HD 219134 h

Discovery
- Discovery date: 2015 November 17
- Detection method: radial velocity method

Designations
- Alternative names: HD 219134 e, HR 8832 h, HR 8832 e

Orbital characteristics
- Semi-major axis: 2.968±0.037 AU
- Eccentricity: 0.025+0.027 −0.018
- Orbital period (sidereal): 2100.6±2.9 d
- Time of periastron: 2456761±20 JD
- Argument of periastron: 0.0°±63.0°
- Semi-amplitude: 5.73+0.22 −0.23 m/s
- Star: HD 219134

Physical characteristics
- Mass: ≥97.9±4.4 M_{🜨}

= HD 219134 h =

Gas giant orbiting HD 219134

HD 219134 h, also known as HR 8832 h, is an exoplanet orbiting around the K-type star HD 219134 in the constellation of Cassiopeia. It has a minimum mass of 108 Earth masses, which indicates that the planet is likely a gas giant.
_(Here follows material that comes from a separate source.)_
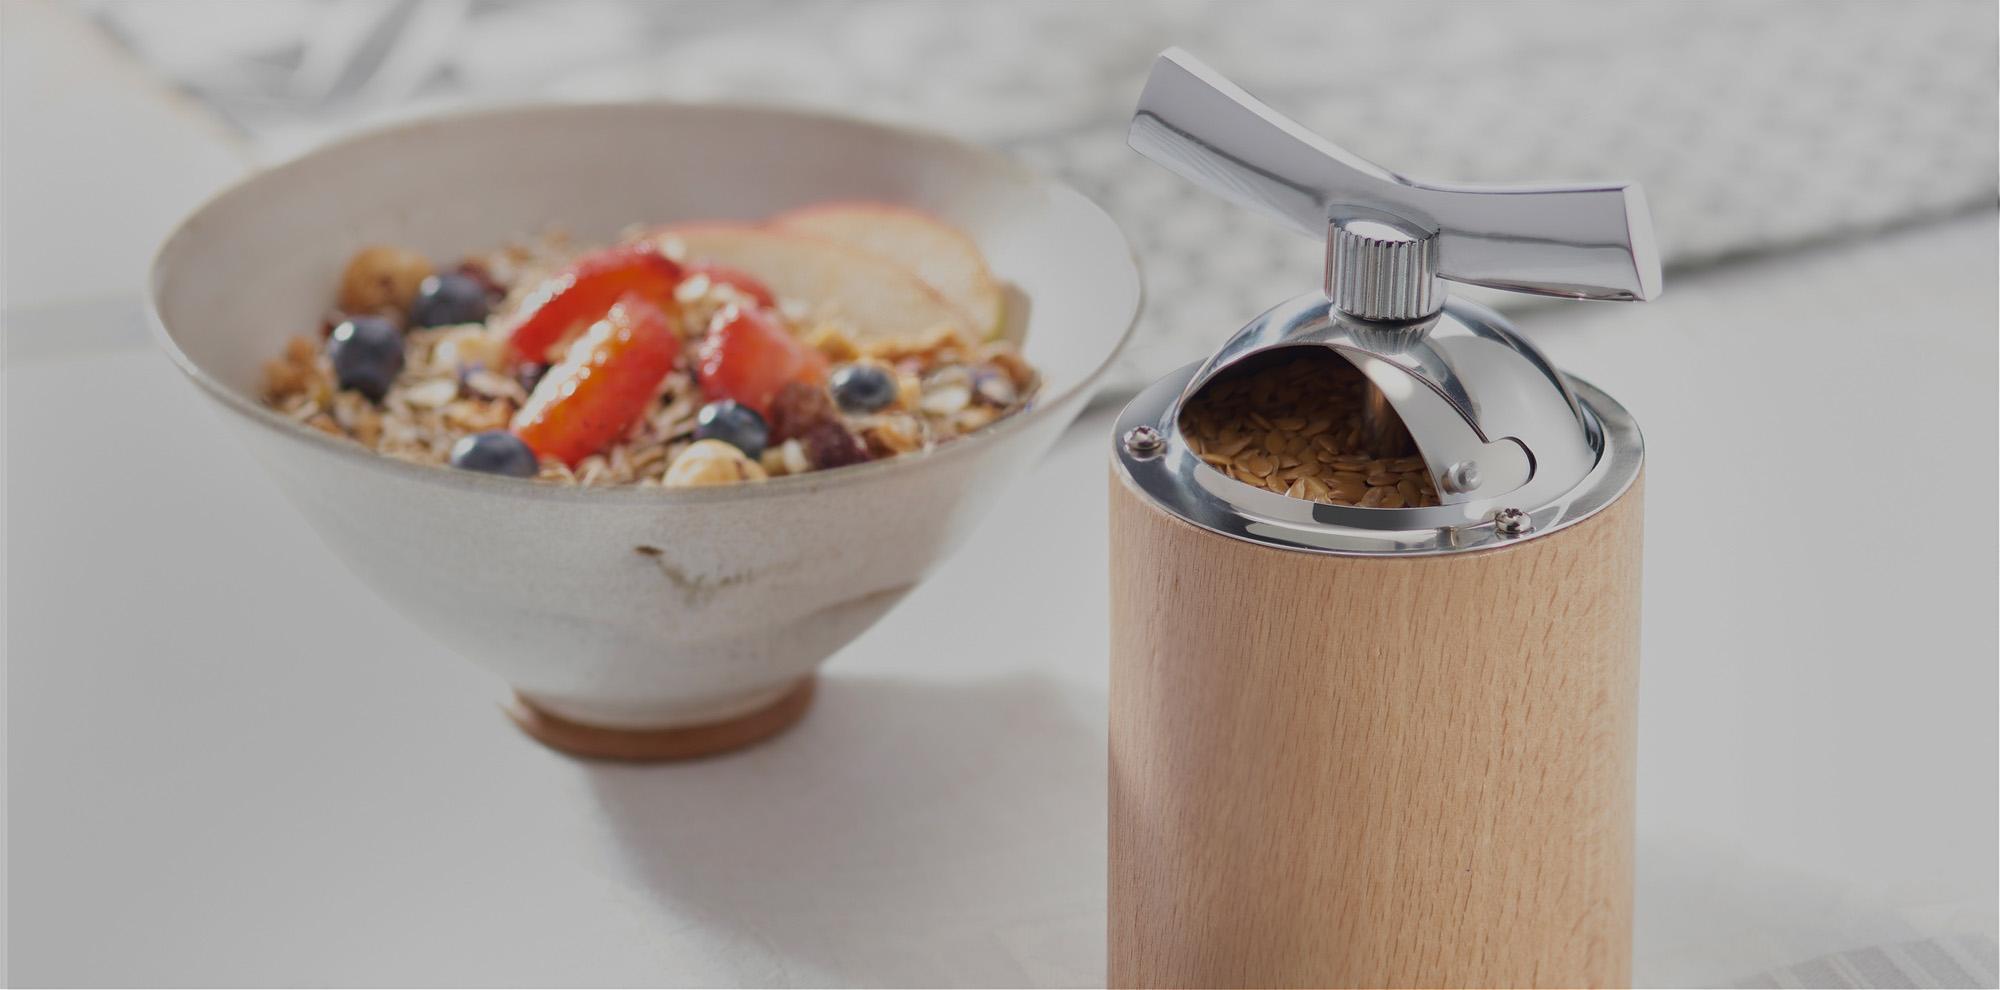 Le moulin graines de lin peugeot saveurs - Moulin graines de lin cuisine ...

Unlike HD 219134 b and c it is not observed to transit and thus its radius and density are unknown.

This planet was initially reported in two 2015 papers; one referred to it as HD 219134 e, while the other found different, and more accurate, parameters for it and so treated it as a different planet, designated HD 219134 h. It is now generally referred to by the HD 219134 h designation.